Les enjeux associés aux zones littorales peuvent être regroupés en trois catégories au regard de leur vulnérabilité aux risques d’inondation (DGPR, 2010) :

• les enjeux incontournables regroupent les espaces urbanisés, le centre urbain, les campings et l’hôtellerie de plein air, les activités agricoles spécifiques (élevages sur prés salés, marais salants, ...), les espaces naturels agricoles ou forestiers qui participent à la propagation des aléas ;

• les enjeux complémentaires comportent les projets d’aménagements futurs des territoires qui peuvent participer à la propagation des aléas, les infrastructures et équipements particuliers (infrastructures de transport, établissements recevant du public, les crèches, les écoles ou les maisons de retraites, ...), les enjeux patrimoniaux, culturels et environnementaux et la typologie du bâti qui permet une approche de la vulnérabilité pour définir des prescriptions spécifiques ;

• les autres éléments de contexte (ciblés sur la gestion de crise) recensent les enjeux stratégiques pour la gestion de la crise (PC crise, centres de secours, centre d’hébergement de secours, l’évaluation de la vulnérabilité des différents réseaux, l’évaluation quantitative des populations exposées, la mise en perspective de l’évolution démographique et du contexte socio-économique du territoire).

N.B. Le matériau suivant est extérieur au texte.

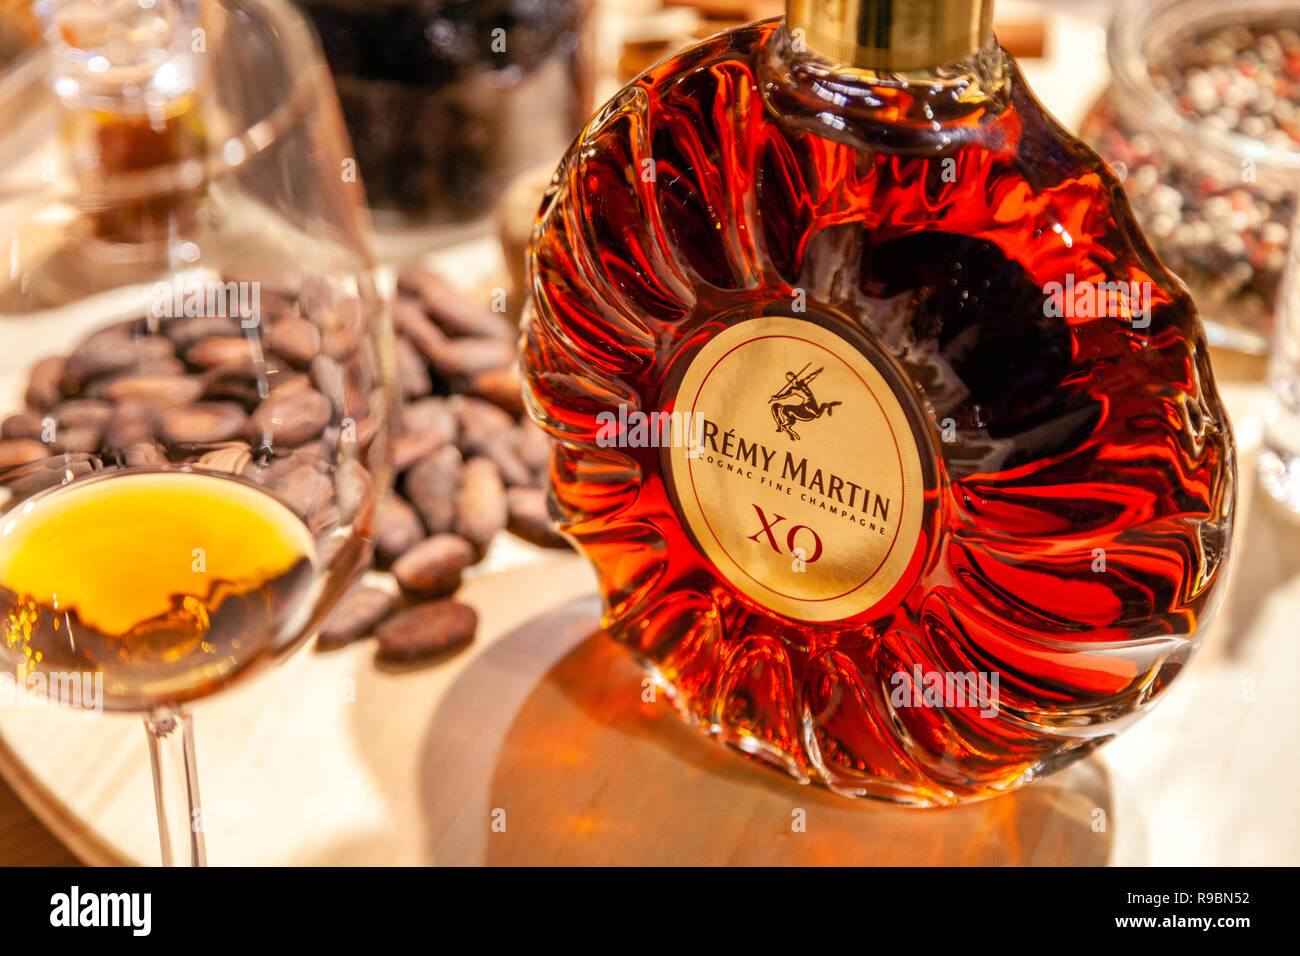 Russland Kemerovo 16-11-2018 Buffet Degustation mit Muttern und Snacks, closeup Luxus Cognac im Crystal Flasche Remy Martin XO und Glas zu öffnen Stockfoto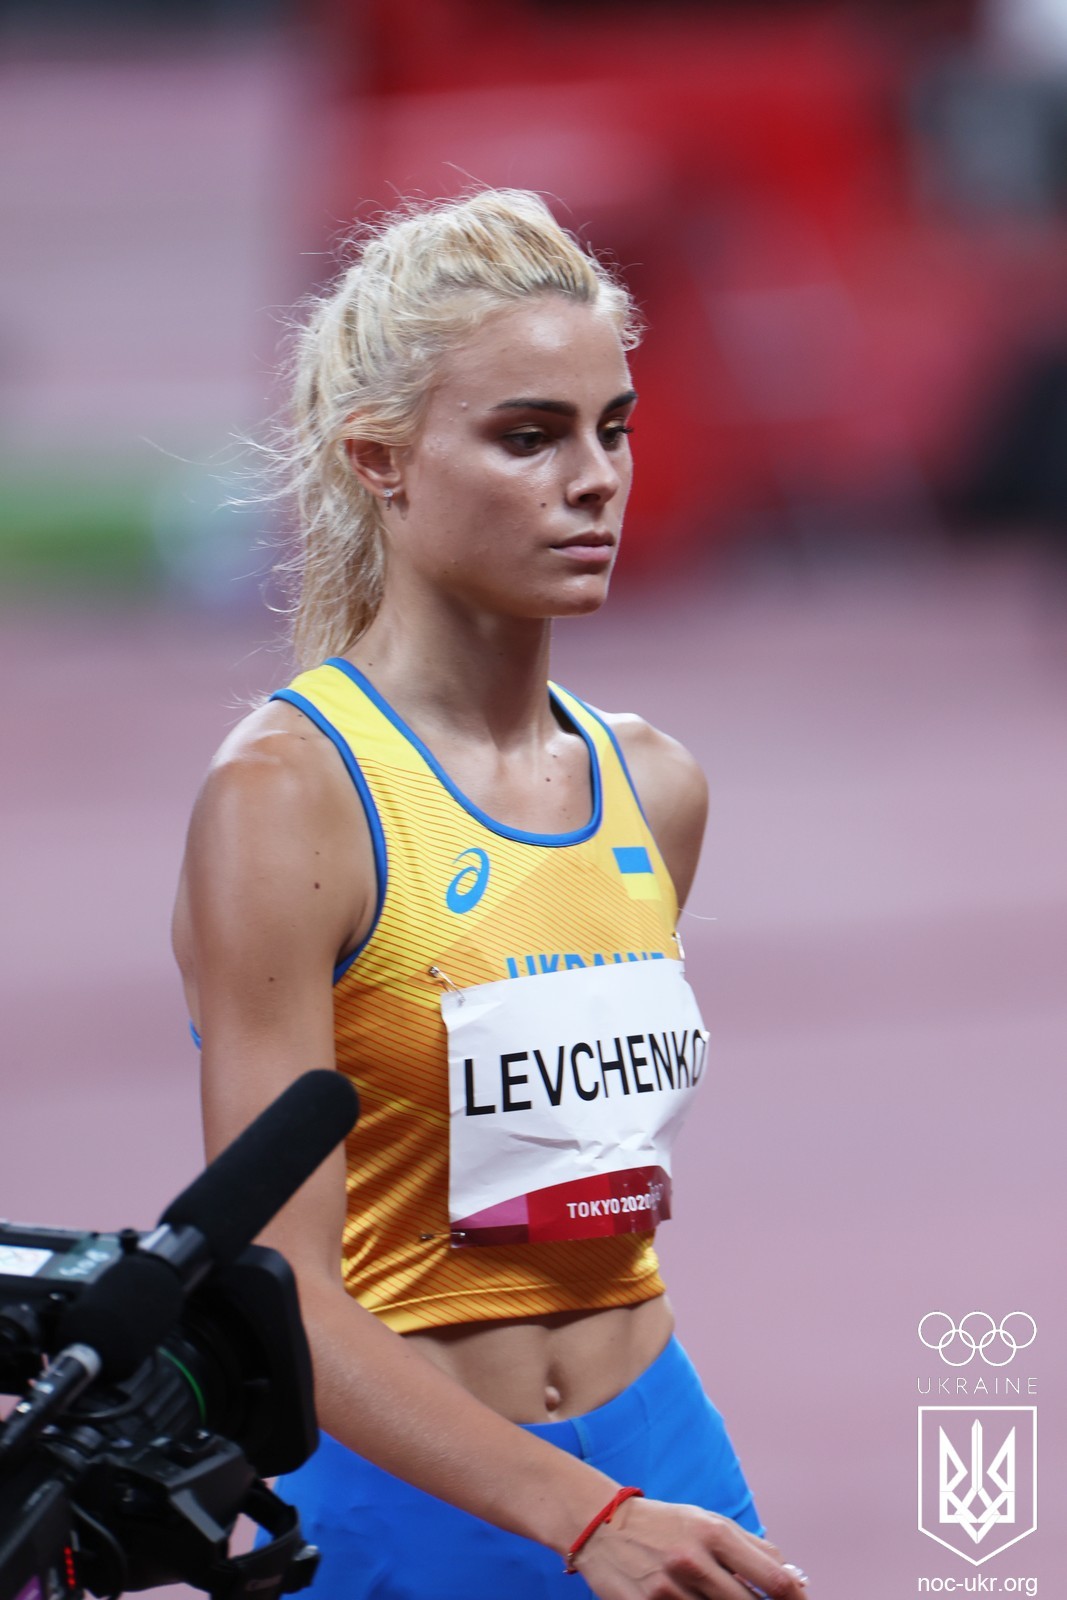 Levchenko

Cette concentration de différents enjeux complexifie la priorisation des enjeux à protéger dans le cadre de la définition du programme d’actions du PAPI. Dans ce contexte, la phase de concertation sera essentielle pour aboutir à l’acceptabilité sociale des acteurs locaux de la stratégie de prévention des submersions marines décidée (cf C.2.2.3.3).